I just drove to and from work with nothing but my thoughts and the view.
After a few days of this, a funny thing happened: I started getting lots of random but interesting ideas popping into my head while I drove — mostly about topic that would make potentially-interesting personal development articles for my website.
I remember one specific stretch when — in rapid fire succession — the following ideas for articles literally just popped into my head:
- 8 Hours of Sleep is Normal. And So is 6.
- Coping skills Are a Cop-out
- Forget About Passion and Be Interested Instead.
- Why Habits Are the Soul of Mental Health
I wasn’t thinking about these topics in particular or trying especially hard to “have good idea.” They just showed up.
Takeaway: I had been suffocating my unconscious with my incessant podcast listening habit. The more creative and generative part of my mind had been working on coming up with new ideas and I was finally able to notice them once I turned down the volume and just allowed myself to “listen.”
Writing is a lot easier when you have plenty of ideas
Eventually I started using Siri on my commute to dictate these ideas into a “new article ideas” folder in my writing app of choice on my phone. After only a few weeks of doing this, my list was far bigger than it had ever been and continued to grow quickly.

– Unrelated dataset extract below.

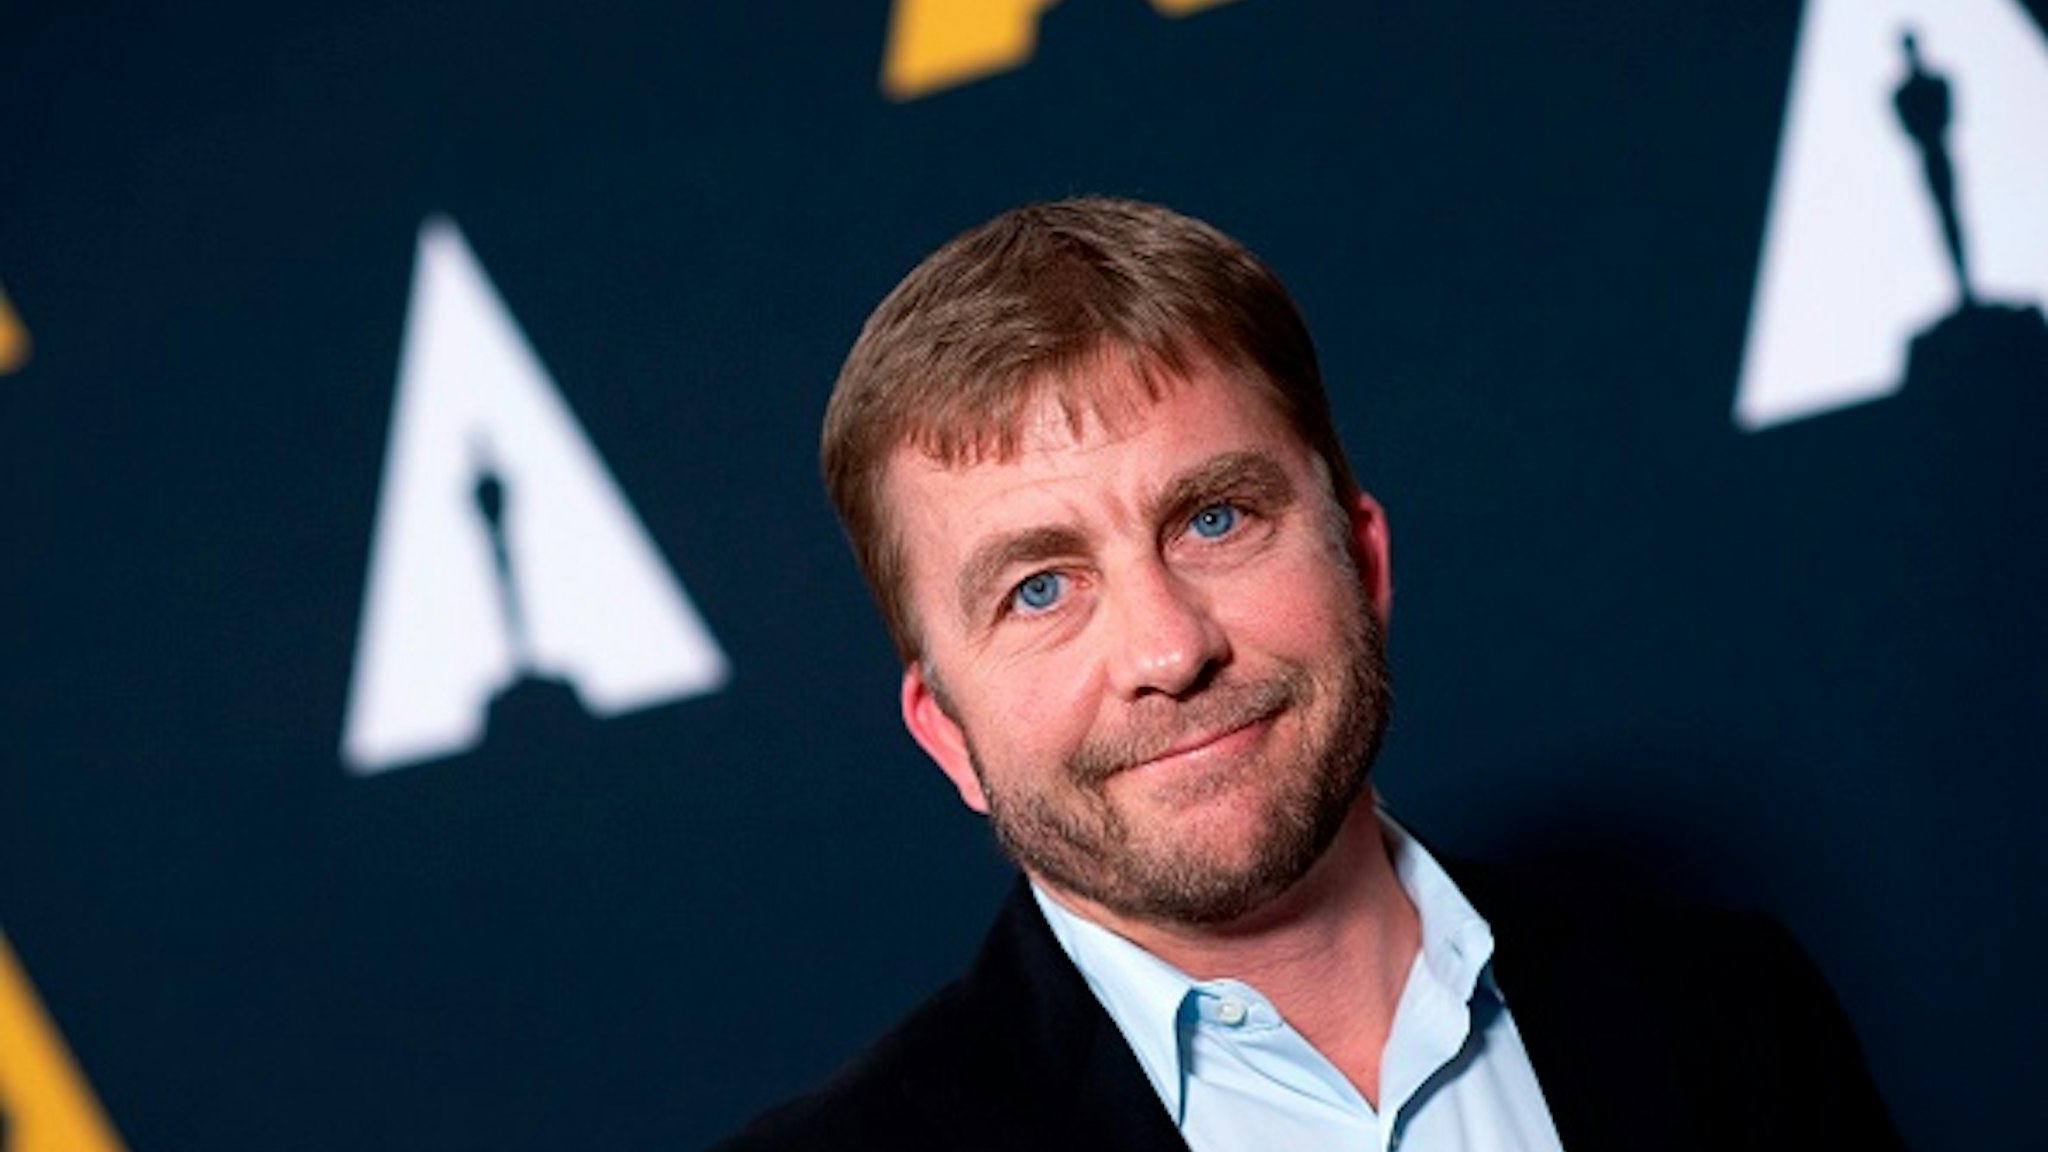 Actor Peter Billingsley attends the Academy Celebrates "A Christmas Story" 35TH Anniversary at the Academy of Motion Pictures Arts and Sciences, in Beverly Hills, California, on December 10, 2018.

My commute effectively became an ideas generation session where I brainstormed and “listened” for new ideas to write about in my work.
Crucially, when I actually sat down at my computer to start writing articles every morning, I began to notice a lot less friction to getting started, including a much lowered urge to procrastinate.
Previously, there were many days when I wouldn’t feel very motivated to write because none of my current drafts seemed interesting or exciting. Now I had loads of exciting topics to start writing about.
I never got to my desk feeling like I don’t have anything good to write about.
Having lots of new ideas coming in on a regular basis gave me a huge boost to my motivation to work. Specifically, having lots of new ideas helped to just get started with my writing, which, as any writer knows, is at least half the battle.
Producing More by Doing Less
This experience was a good reminder to me that we can all fall victim to the trap of thinking that to produce more we always need to do more. In the long-run, sometimes doing less enables us to produce far, far more.
By eliminating podcasts and carving out some quiet time on my commutes, I allowed myself to be more receptive to the massive amount of “work” that my unconscious mind was already doing, which lead to a significant increase in both the quality and quantity of my overall output of work.
There may not be a free lunch, but free ideas are surprisingly easy to come by if we can learn to be quiet.